The following are ways to invest in S&P 500 index indirectly –
Index mutual funds/ ETFs
There are many AMCs or mutual fund houses that invest in S&P 500 index. The objective of an index fund is to mimic the performance and portfolio of the S&P 500 index. You can choose any of these mutual funds that invest in S&P 500 as their benchmark index and get exposure to stocks of S&P 500. The benefit of investing through mutual funds is that you can start with a small amount of Rs.500 to invest. Moreover, you need not go through the hassle of selecting the right individual stocks to invest in.
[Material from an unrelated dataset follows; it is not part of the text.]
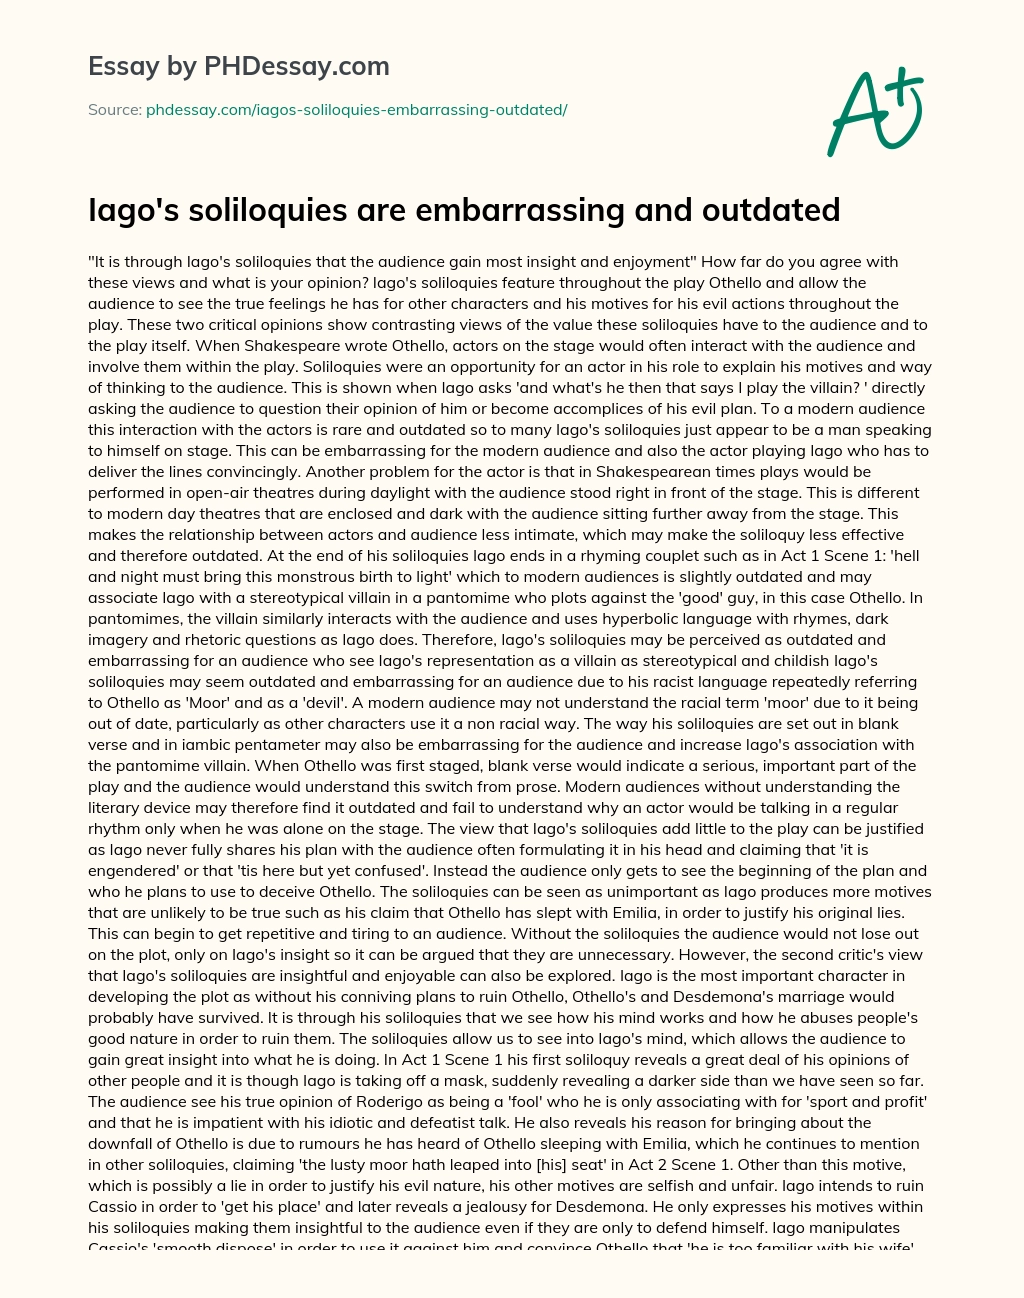 Iago’s soliloquies are embarrassing and outdated essay
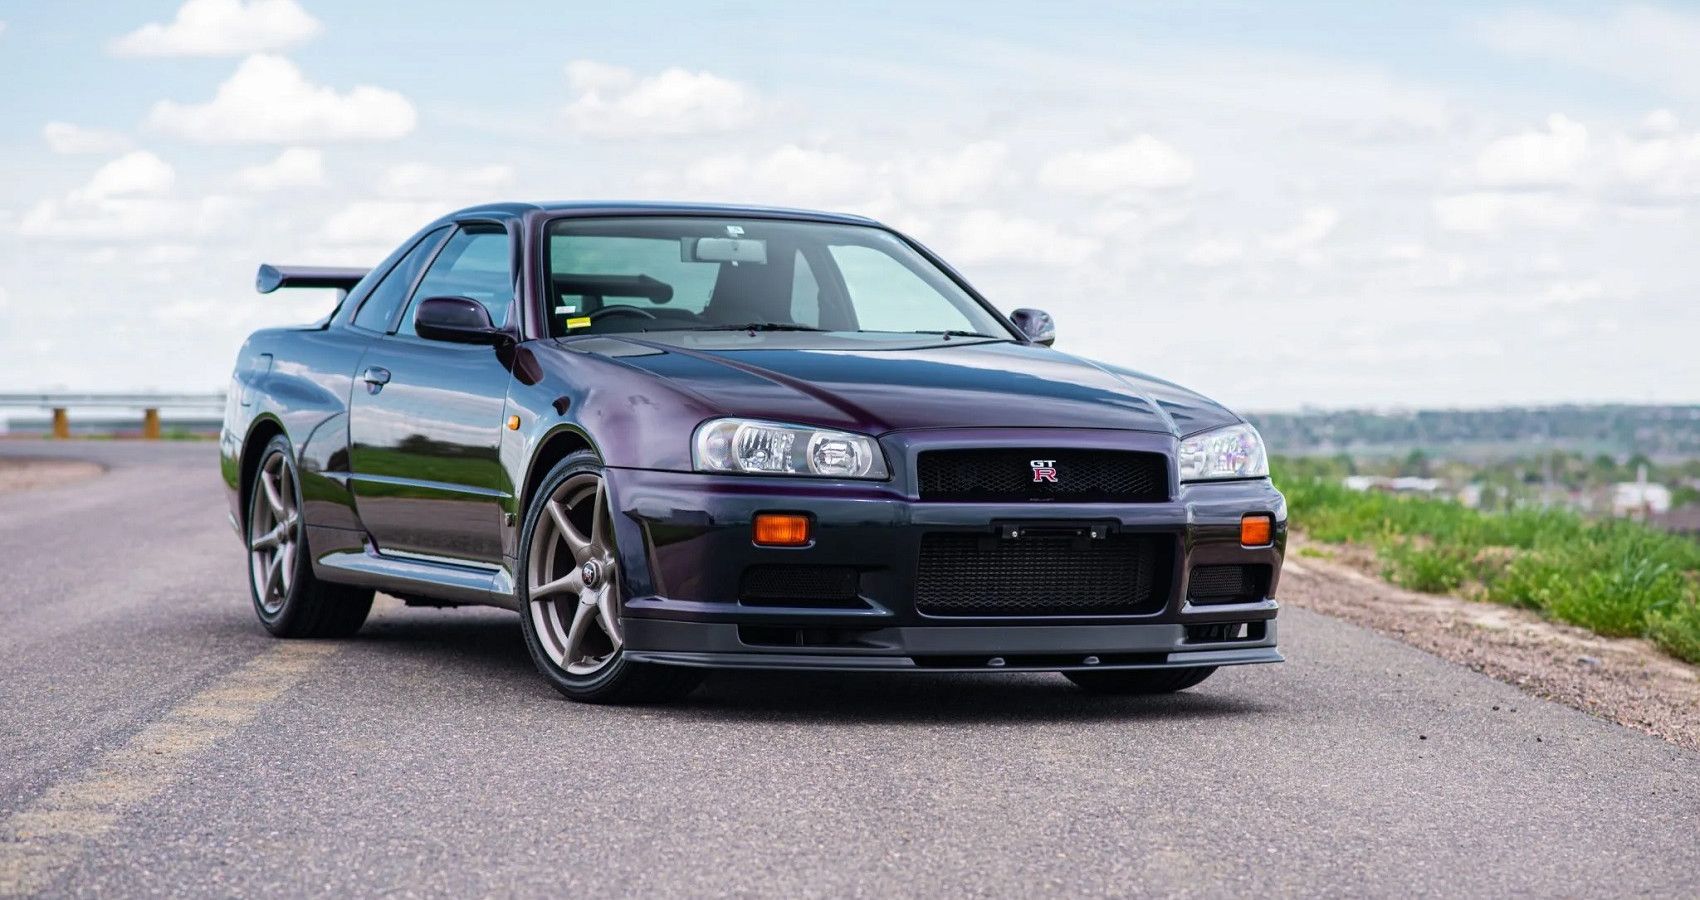 5 Things We Love About The R34 Nissan Skyline GT-R (5 Reasons Why We Think  It's Ridiculously Overpriced)

However, you must check the expense ratio of these funds before investing.
Some of the index mutual fund/ETFs that follow the S&P 500 index are –
- Motilal Oswal S&P 500 Index Fund
- Mirae Asset S&P 500 Top 50 ETF
- S&P 500 Vanguard ETF – This is an international mutual fund where Indian investors require an international trading account to invest.
Through Mobile App
There are many online platforms and applications that allow Indian investors to get exposure in foreign stocks and mutual funds. You can start with an amount of $1. Also, these platforms give you an option to make your own stock portfolio with individual stocks or use their advisory services.
Investing in this index helps to diversify your portfolio. With increased access to information and advanced technology, investing in foreign markets has become easy. Indian investors can consider investing in the international market either directly or indirectly. But before choosing, you must consider the pros and cons of each method. Also, it is essential to understand the risk associated with investing in foreign indices and currency conversion charges.